*Aunque se podría decir mucho más acerca del ateísmo y las diversas posturas ateas, considero suficiente lo escrito hasta aquí. Ofrezco esta breve reflexión para terminar. Aunque la verdad de Dios incluye una certeza ineludible, no lo es del tipo que cualquier incrédulo pretende para salir de su oscura situación. También Tomás, el Apóstol no creyente, pretendía un signo irrevocable, una señal evidente de la Vida de Dios. Una presencia luminosa de este tipo, ciertamente, evitaría el esfuerzo de cualquier elaboración y discurso racional pero, por lo mismo, eliminaría el mérito que tiene la fe. Como dice Jolivet, el ateísmo debe ser posible para que el conocimiento de Dios tenga un valor moral. Si la verdad de Dios fuera de la misma condición que las matemáticas o que una afirmación científica sin más, desaparecería la libertad de nuestro humano asentimiento y el valor de la creencia religiosa incondicional. Es necesario que haya una elección libre de Dios, por el hombre, y que escojamos hacer de nuestra existencia una aventura confiada a Alguien. Sólo en este radical compromiso, radical y absoluto, recibe la vida del hombre todo su sentido.
*El ateo se pronuncia en su juicio, normalmente, desde afuera. El creyente, que libre y racionalmente se entrega, lo ha de hacer desde dentro, pues es en su más profundo interior donde descubre esa presencia de Otro mayor, más íntimo y más real que sí. Por hacerlo en la periferia, el ateo a veces responde a una visión deforme, y lo que rechaza es una concepción inadecuada del ser de Dios o de la religiosa vinculación a él. Siendo esto así, podemos conceder a toda manifestación atea, sea de la índole que sea, algún elemento de verdad, por cuanto negando (lo que no es) en el fondo afirmaría (lo que sí es). También a los primeros cristianos se les acusaba de personas ateas, por cuanto no seguían a los dioses paganos dando culto a los suyos, supuestamente verdaderos. No digo que sea lo mismo, pero en cierto sentido, el ateísmo podría servirnos de estímulo (aunque en negativo) para adquirir una conciencia cada vez más viva y despierta de la correcta idea de Dios.
*El misterio complejísimo del ateísmo, el de la crisis de la religión o del sentido de Dios, nos conduce a no estar sordos a cualquiera de sus gritos, sino a recogerlos con prudente modestia para hacerlos nuestros e intentar, de alguna manera, responder. No es cuestión, únicamente, de mostrar los errores del ateo denunciando por qué están mal, sino ofrecer el gozo de la fe, anunciando por qué creer está bien. Si la fuerza del ateísmo reside en denunciar imágenes deformes del mismo Dios, su debilidad consiste en no saber –o no poder- captar nada más que eso; ante esta crisis, que dura sin cesar, la creencia debe emerger como una postura auténticamente existencial.
* En nuestro diálogo con el ateo no podemos confiarlo todo al frío y abstracto discurrir sobre la existencia metafísica de Dios: siendo esto necesario, por la naturaleza de la misma fe y por nuestra condición de seres racionales, sin embargo no basta. Nuestro proceder debe avanzar, humildemente, también sobre el testimonio de una experiencia vivida que confirma los elementos pensados. No son pocos los ateos que, detenidos por obstáculos más afectivos que intelectuales, son muy sensibles a la vida coherente del testigo, a su destino espiritual.

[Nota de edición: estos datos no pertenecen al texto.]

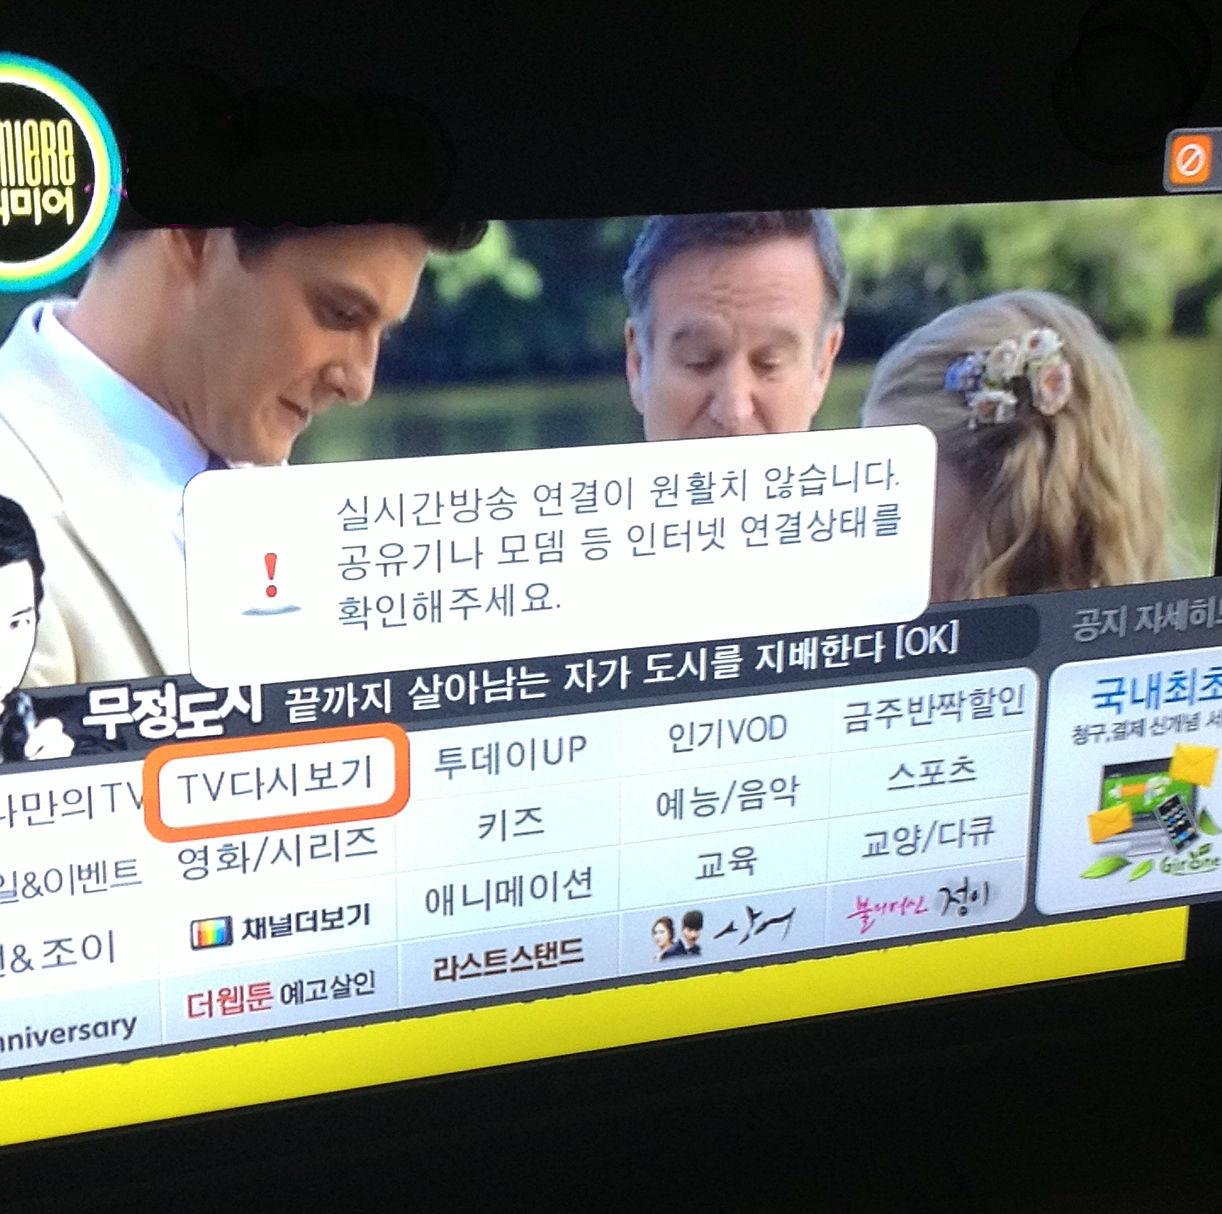 최근 사용자들은 TV를 필수품으로 인식하고 있고 거실에서 가장 주목받는 위치를 차지하고 있다. 최근에는 스마트폰을 시작으로 다양한 기기들이 온라인과 연동(Connected)되기 시작했는데 TV는 '스마트 TV'라는 이름으로 이러한 흐름의 선두에 서 있다.
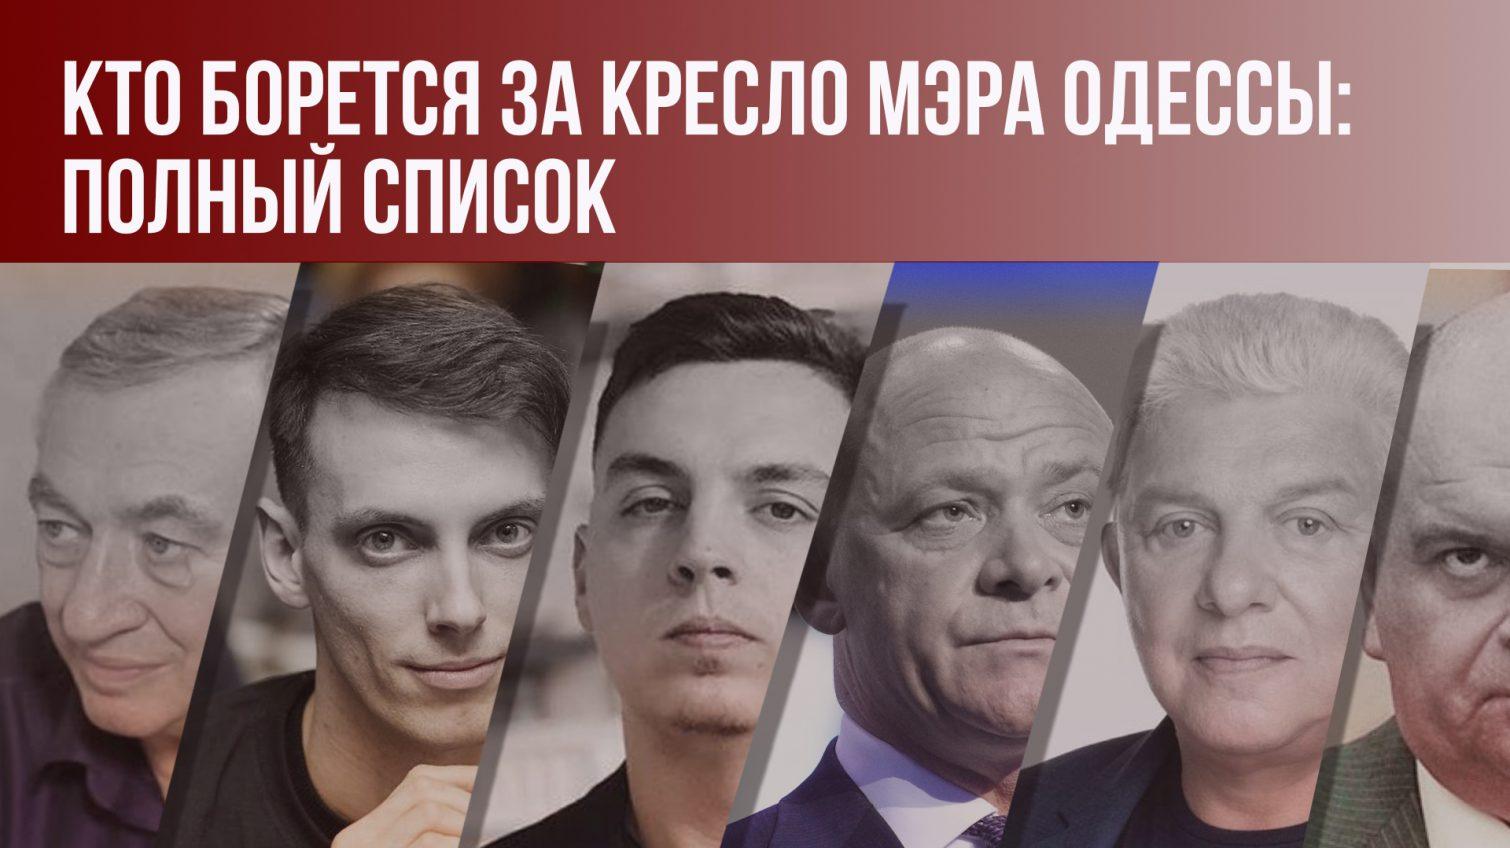 Кто борется за кресло мэра Одессы: полный список «фото»

*Afirmar o no la existencia de Dios no es un artículo de lujo o una cuestión tradicional que para nada afecta el modo de vida personal. Nos acostumbramos fácilmente a que la vida religiosa se reduzca a un mero ritualismo sin mayor incidencia en el ser total de la persona, incluida su dimensión social. Se puede vivir como ateo sin dejar de ser, en planteamientos costumbristas o familiares de la vida, religioso; y al revés, se pueden observar ciertas prácticas religiosas en apariencia a lo largo de la vida, sin que el corazón y la mente dejen de vivir al modo ateo, sin una sincera y eficaz religación respecto del ser vivo de Dios. Por el contrario, la afirmación de Dios presente al interior del ser humano lo inquieta, lo traspasa, lo compromete y, si se deja, lo transforma. El destino natural del hombre se entrecruza con el designio sobrenatural de Dios y de ahí surge el verdadero drama de la fe.